→ **Dataset entries**
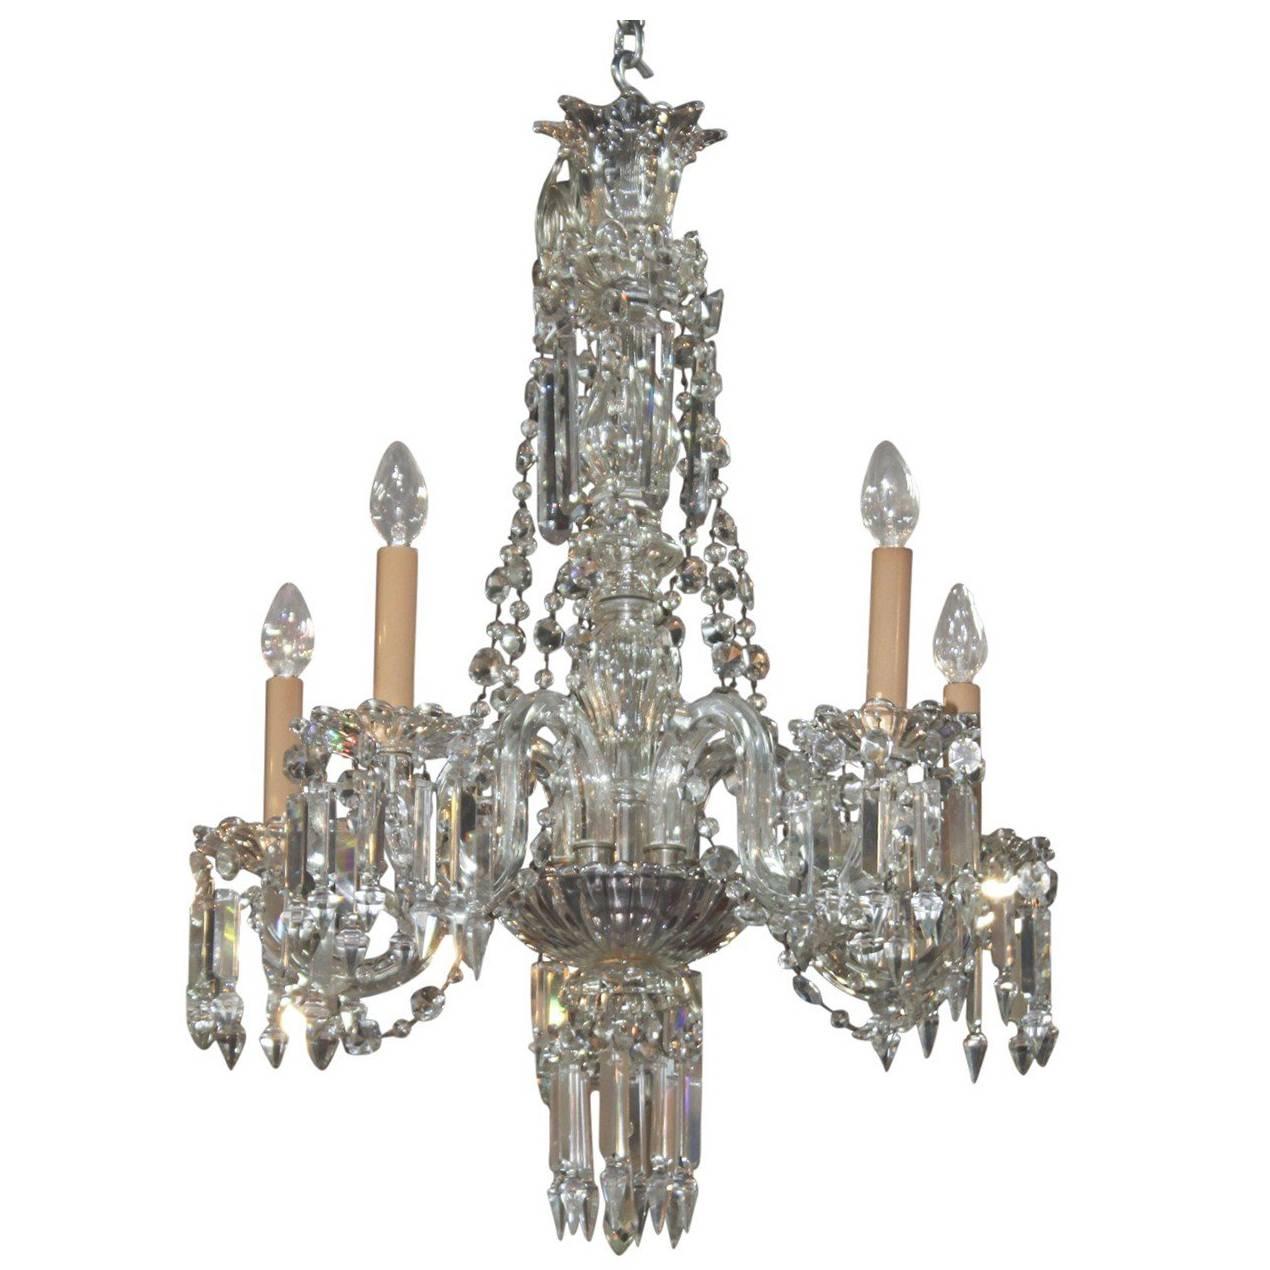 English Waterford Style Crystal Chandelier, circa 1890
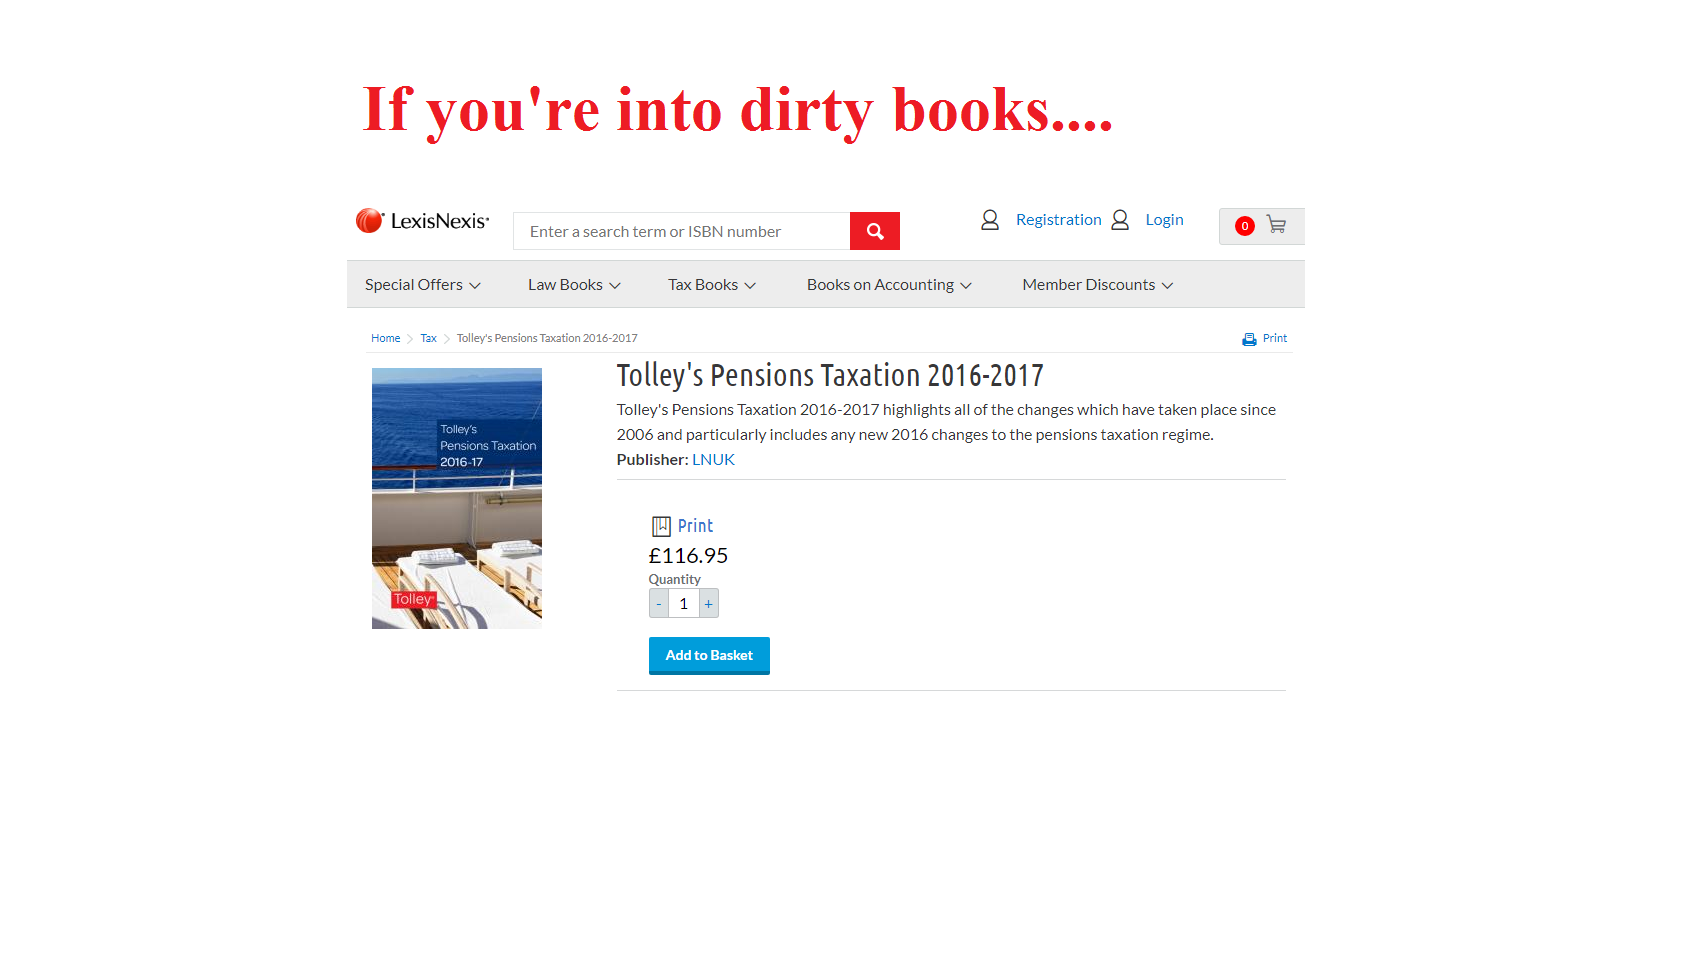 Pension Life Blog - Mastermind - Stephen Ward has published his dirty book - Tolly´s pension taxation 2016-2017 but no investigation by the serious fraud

* * *

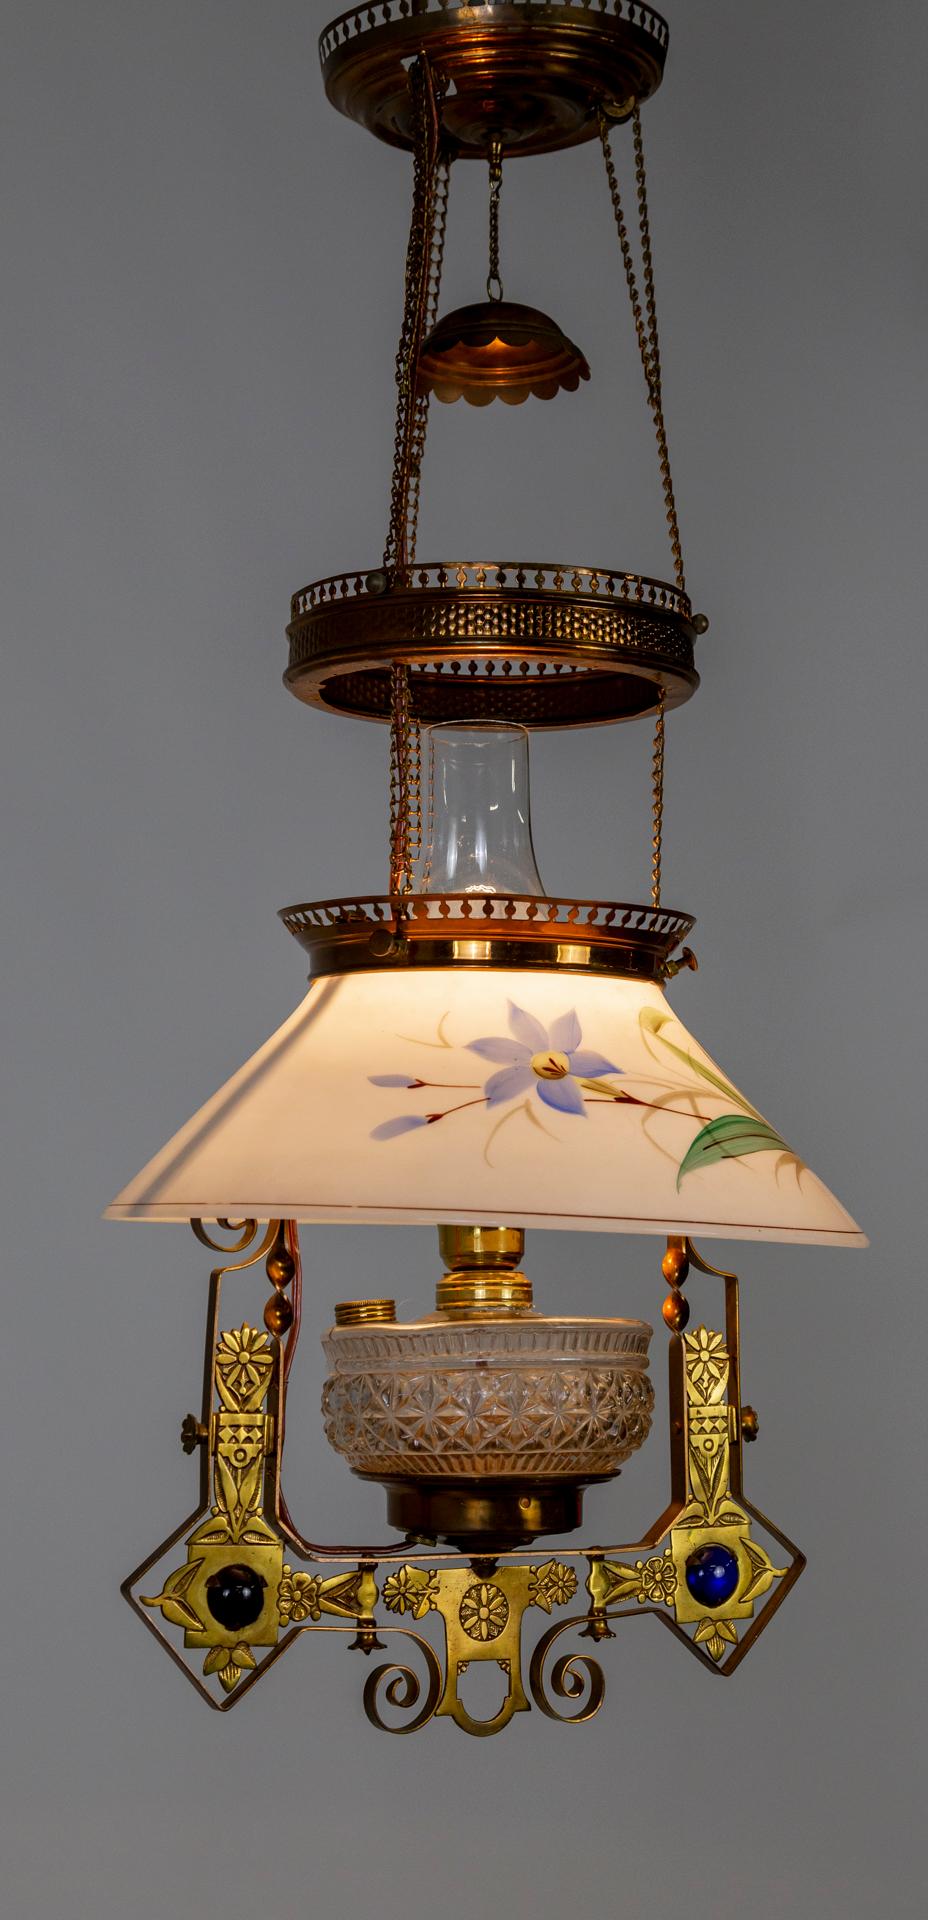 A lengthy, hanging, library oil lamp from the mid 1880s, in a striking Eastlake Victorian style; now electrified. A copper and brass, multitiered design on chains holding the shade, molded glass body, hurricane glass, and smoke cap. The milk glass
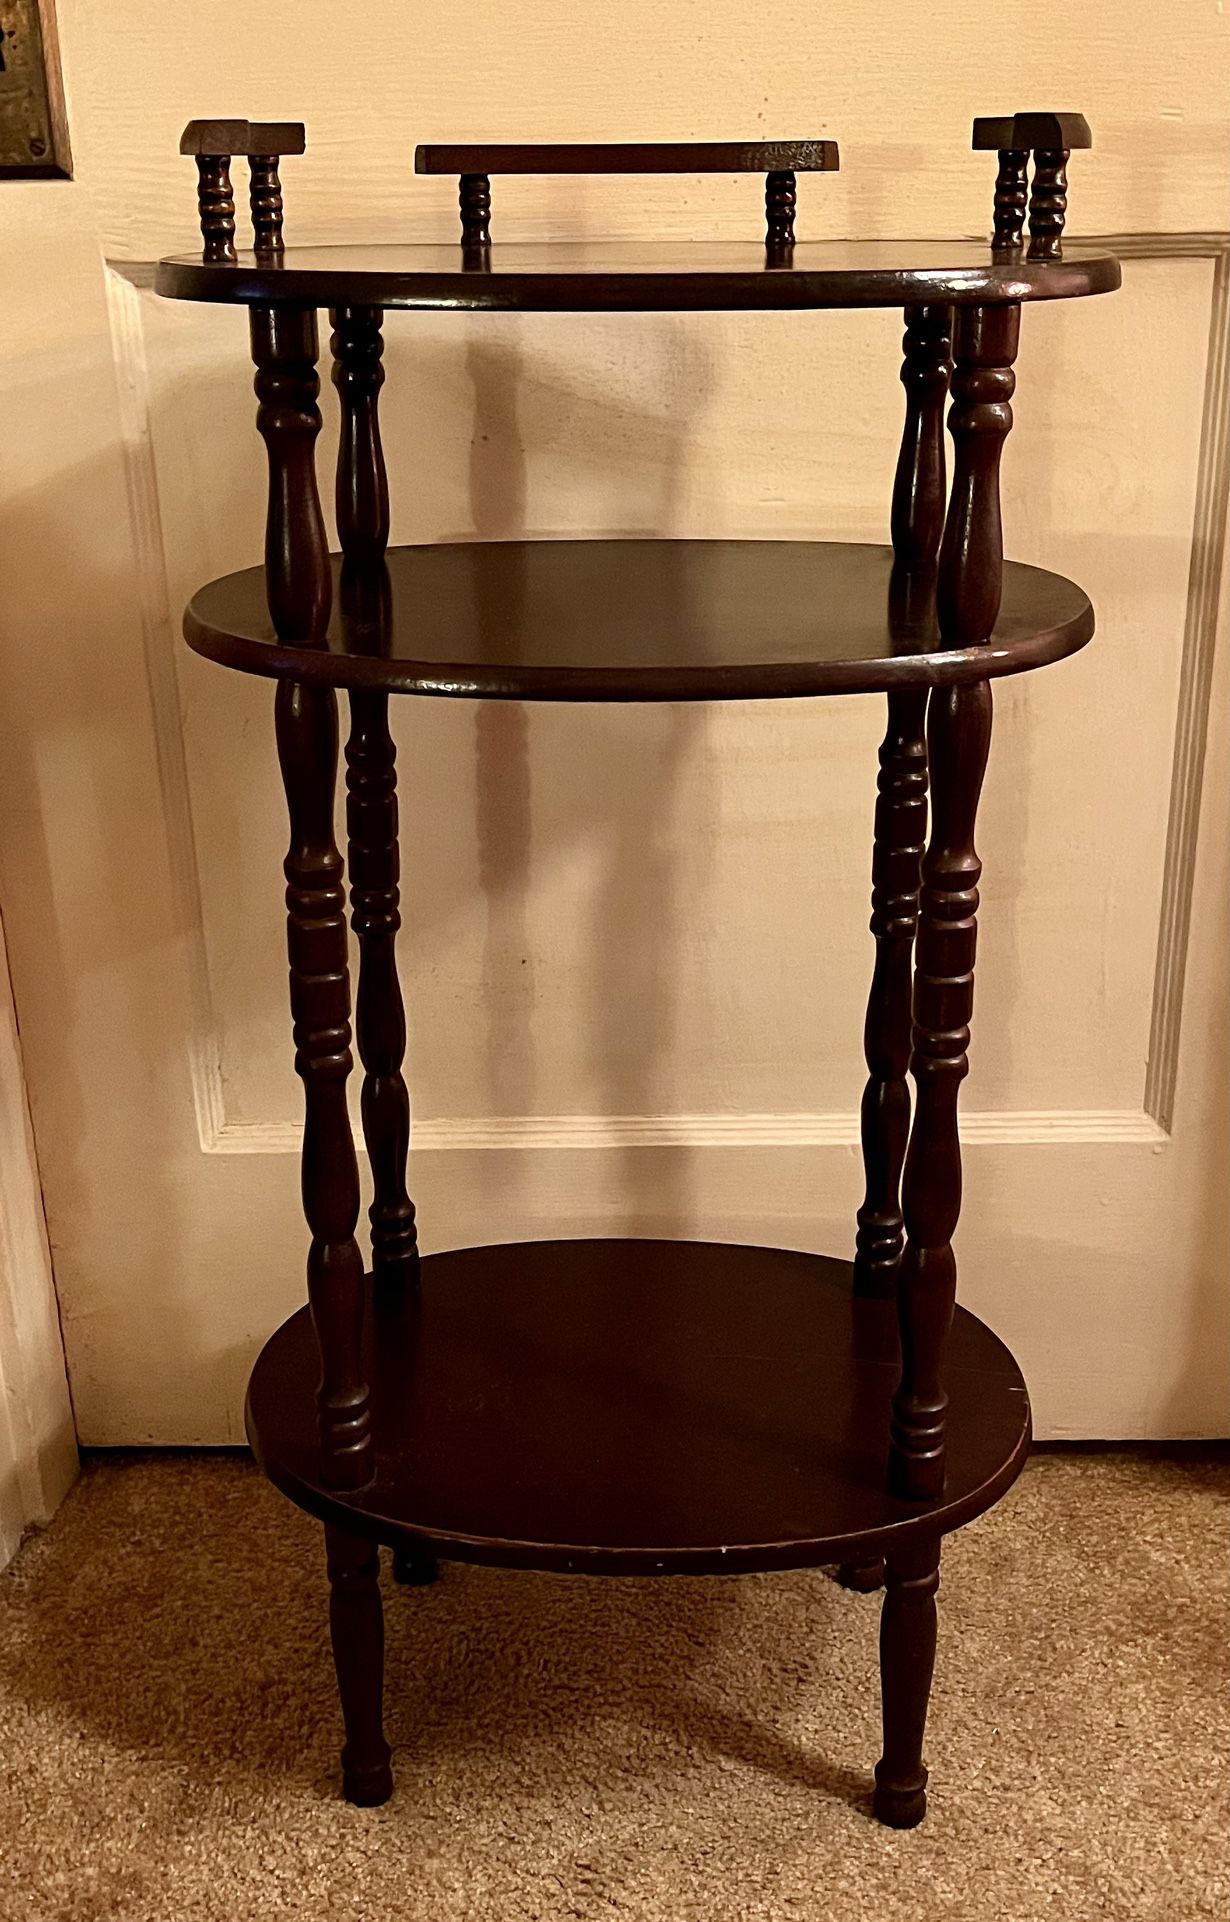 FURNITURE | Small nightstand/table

→ **Task goal**
In the listing above, find the line with "A lengthy, hanging, library" and output it and every line after it up to and including the line with "FURNITURE | Small nightstand/table", exactly, minus the pictures.

→ **Exercise result**
 A lengthy, hanging, library oil lamp from the mid 1880s, in a striking Eastlake Victorian style; now electrified. A copper and brass, multitiered design on chains holding the shade, molded glass body, hurricane glass, and smoke cap. The milk glass
 FURNITURE | Small nightstand/table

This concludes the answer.